Medical management versus intravenous thrombolysis for patients with minor non-disabling acute ischemic stroke: A systematic review and meta-analysis
DOI:
https://doi.org/10.54029/2024rkhKeywords:
non-disabling, acute ischemic stroke, meta-analysisAbstract
Background: The efficacy and safety of thrombolysis therapy in patients with mild stroke, especially acute non-disabling stroke is controversial. We intend to conduct this systematic review and meta- analysis to evaluate the efficacy and safety of thrombolytic therapy compared to medical management in acute non-disabling stroke.
Methods: We searched multiple databases to obtain articles related to medical management and intravenous thrombolysis therapy for minor non-disabling acute ischemic stroke from inception until November 28, 2023, and the search was conducted again on September 1, 2024. The primary outcome was functional independence (modified Rankin scale [mRS] score of 0 to 2) at 90 days. All analyses were performed using the random effect model. The quality of articles was evaluated through the Cochrane risk assessment tool and Newcastle-Ottawa scale.
Results: 2 RCTs and 7 cohort studies met the inclusion criteria.
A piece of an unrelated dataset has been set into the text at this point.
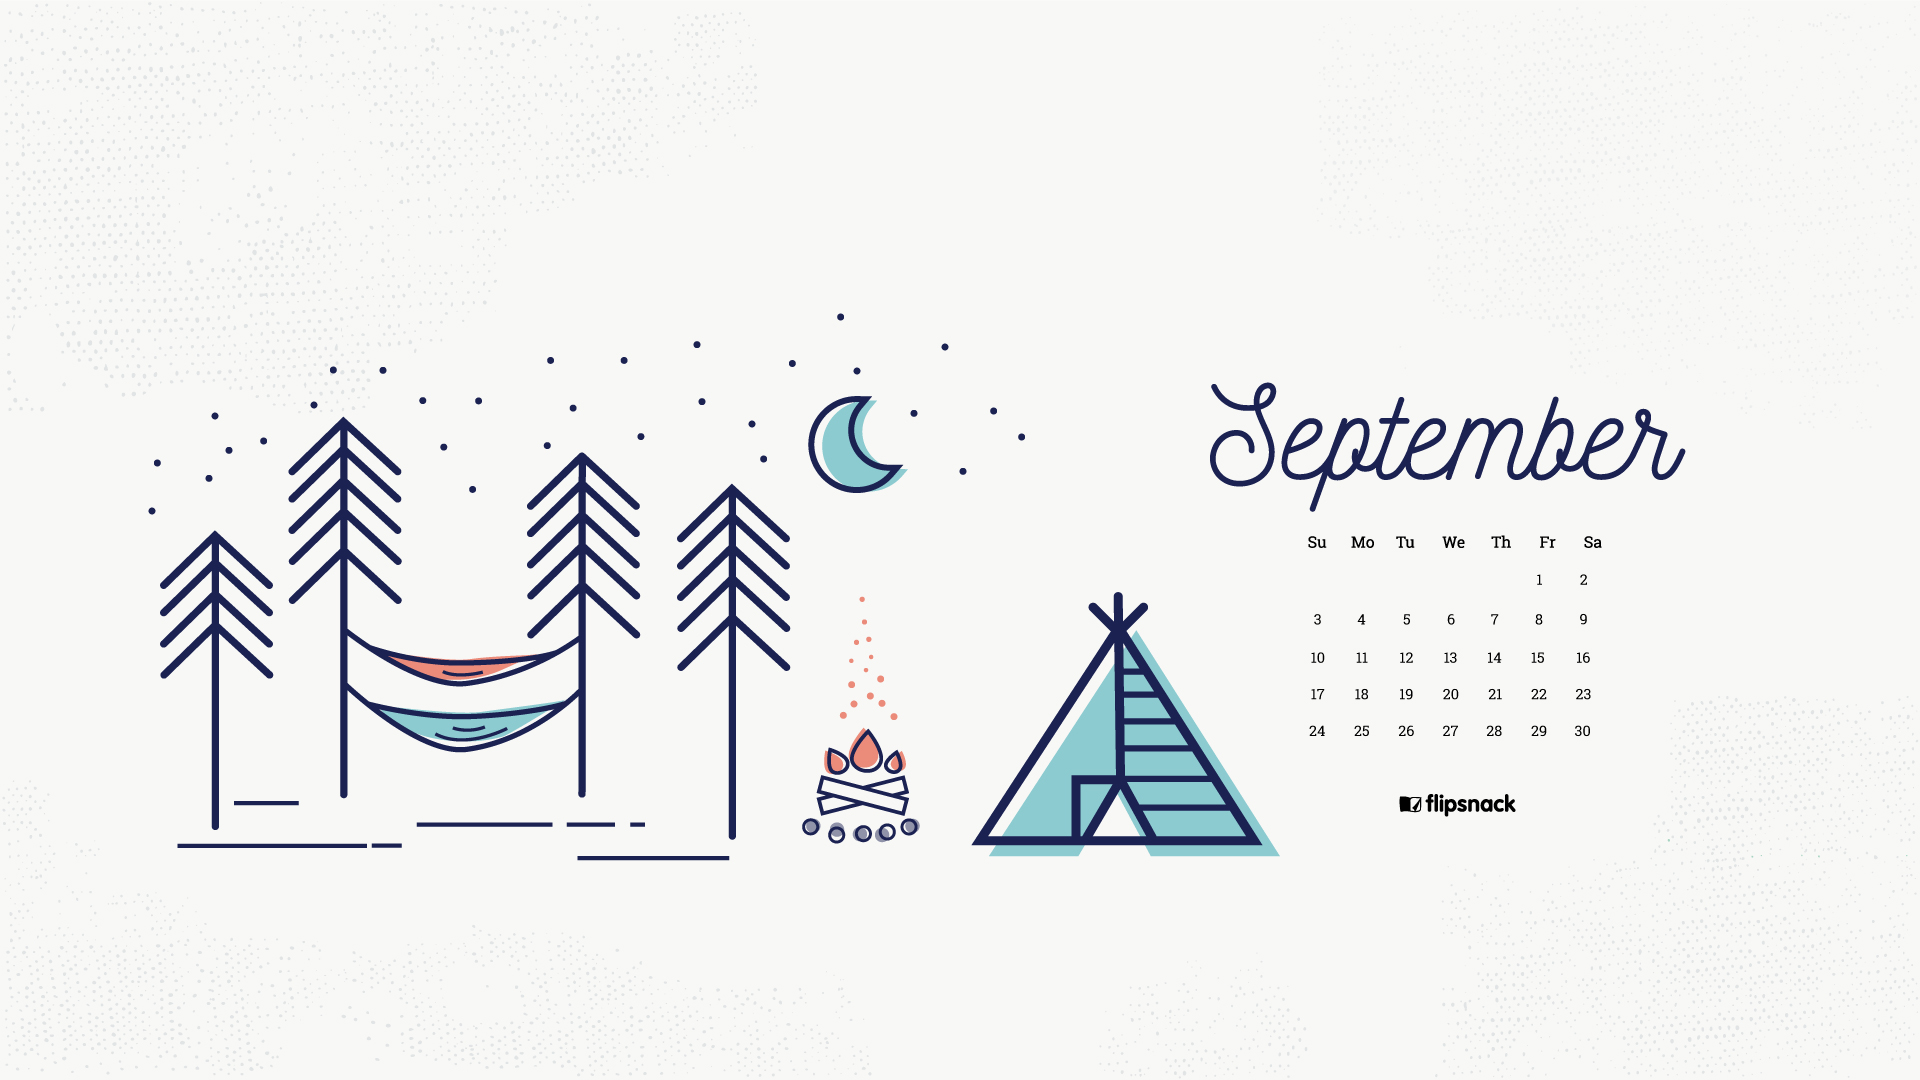 March 2018 Cute Full Screen Desktop Wallpapers Your September 2017 Calendar Wallpaper Is Here Get It

The merge analysis showed that there was no significant difference in improving functional independence (mRS 0-2, RR: 1.01, 95% CI 0.98 - 1.04, P = 0.47) and excellent outcome (mRS 0-1) of patients with minor non-disabling acute ischemic stroke between IVT and medical management. However, IVT would increase the risk of early neurological deterioration (RR: 0.50, 95% CI 0.30 - 0.82, P = 0.007), compared to medical management. Analysis of the cohort studies showed that there was a significant correlation between IVT and sICH (RR: 0.20, 95% CI: 0.06 - 0.68, P=0.01).
Conclusions: For patients with minor non-disabling acute ischemic stroke, medical management will not have a negative impact on functional recovery, and may be a safer alternative.